# 7/25/21 edge run



## Xpac (Jun 22, 2011)

Launched at 5am and bounced around a few spots for snapper and couldn’t get a single one. Marked a lot of fish but the bite was dead. Full moon maybe? Headed to the edge and hunted for some mingos. The current was running strong and the Rhodan was working hard. Ran it for about 5 hours total on a few spots and managed a nice haul of good mingo. I tried jigging a few times and kept getting cut off. Managed to get a king on the jig without getting clipped so I assume they were the culprits. The water was dirty at the edge and we didn’t see any weed line or patches. It sure was hot out there but overall a good day on the water. The Rhodan charger had to work hard for once. We must have used a lot of juice in that current. I put a box fan next to it and ran it overnight to help keep it cool. Can’t wait to get back out there.


----------



## Boat-Dude (Sep 24, 2011)

Stud Mingo's dude, good eats!!! I went to the edge for the first time last week, same thing for me 1 red snapper and a few mingos and that was it. Hard out there and the water was blahhh. I was in 178 to 300ft and never been fishing that deep ever. Maybe this fall it will clear up. Good report.


----------



## JoeyWelch (Sep 25, 2009)

Nice spread Paco. Those mingos are monsters.


----------



## LY-zer (Jan 16, 2019)

Excellent Mingos! Better the Red Snaps any day. Was nice today but WAY too hot.


----------



## Lipz (Mar 19, 2013)

Nice Mingos, better the ARS like said above and thanks for the report.


----------



## LazyK (Jun 28, 2016)

Stud Mingos! Thanks for sharing the details of your trip


----------



## SurfRidr (Apr 24, 2012)

Hoss mingos, nice job and thanks for the report. Red snapper been tougher this year for us as well. Good mess of fish!


----------



## GROUPERKING (Sep 28, 2011)

A fine bunch of mingos !

Sent from my SM-G955U using Tapatalk


----------



## Corpsman (Oct 3, 2007)

Footballs! great work!


----------



## Xpac (Jun 22, 2011)

Thanks everyone! Can’t wait for the next run.


----------



## bfish (May 19, 2008)

Xpac said:


> Thanks everyone! Can’t wait for the next run.
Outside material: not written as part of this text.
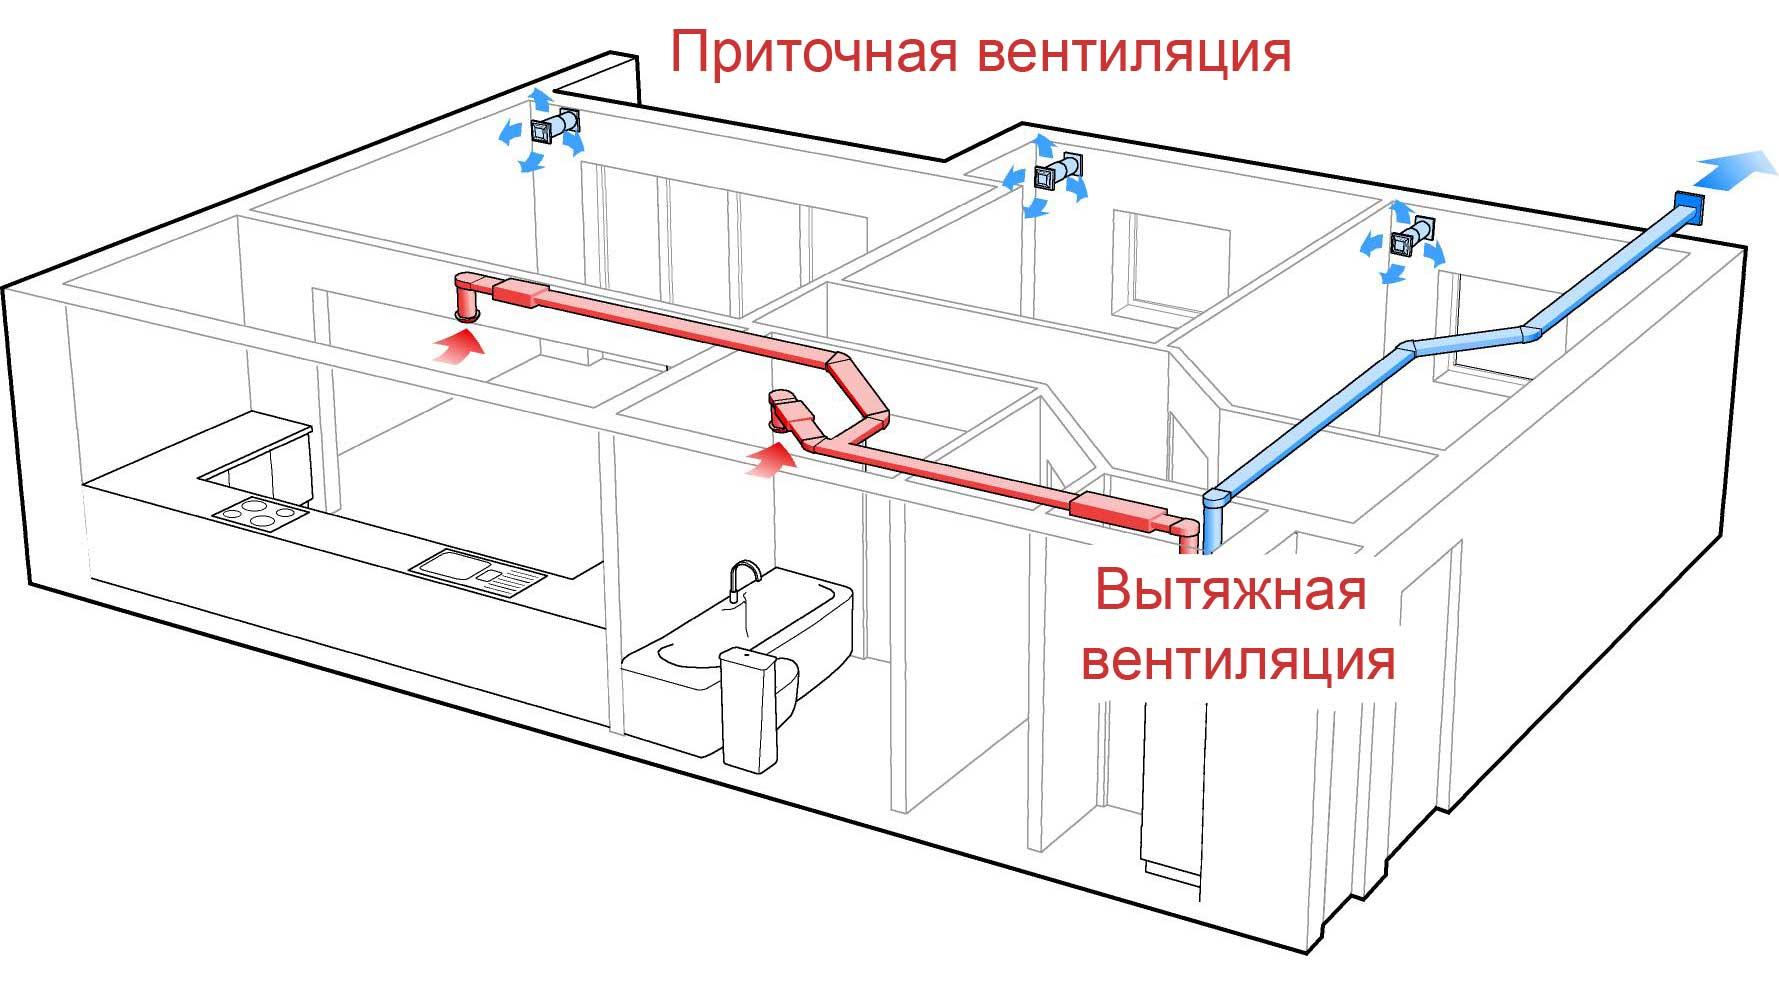 Проектирование вентиляции и монтаж приточно-вытяжной системы в здании

Squid for bait? We’re they up in the water column?


----------



## Xpac (Jun 22, 2011)

Squid and cigar minnow chunks. They were both bottom and up about 30’.


----------



## jack2 (Mar 19, 2010)

how'd you train that king to bend his head up and look at the camera? lol.
good catch. lotta cleaning.
jack


----------



## cuzmondo (Oct 1, 2007)

Looks like a nice bonus Lane Snapper in that mess too. 

Well done!


----------



## Boat-Dude (Sep 24, 2011)

I wonder what the biggest Mingo was 19, 20?


----------



## jack2 (Mar 19, 2010)

Boat-Dude said:


> I wonder what the biggest Mingo was 19, 20?


i know what you're thinking but i would say the size of your bait. always works for me.
jack


----------



## Xpac (Jun 22, 2011)

I think 3 of them were right around 20”. Definitely our best mingo haul yet. It’s been a dismal fishing year for us so it’s nice to have some luck finally. We are definitely enjoying them!


----------



## bfish (May 19, 2008)

Xpac said:


> I think 3 of them were right around 20”. Definitely our best mingo haul yet. It’s been a dismal fishing year for us so it’s nice to have some luck finally. We are definitely enjoying them!


What depth? Isn’t that 30 miles out?


----------



## Xpac (Jun 22, 2011)

About 200’ roughly 30 miles out


----------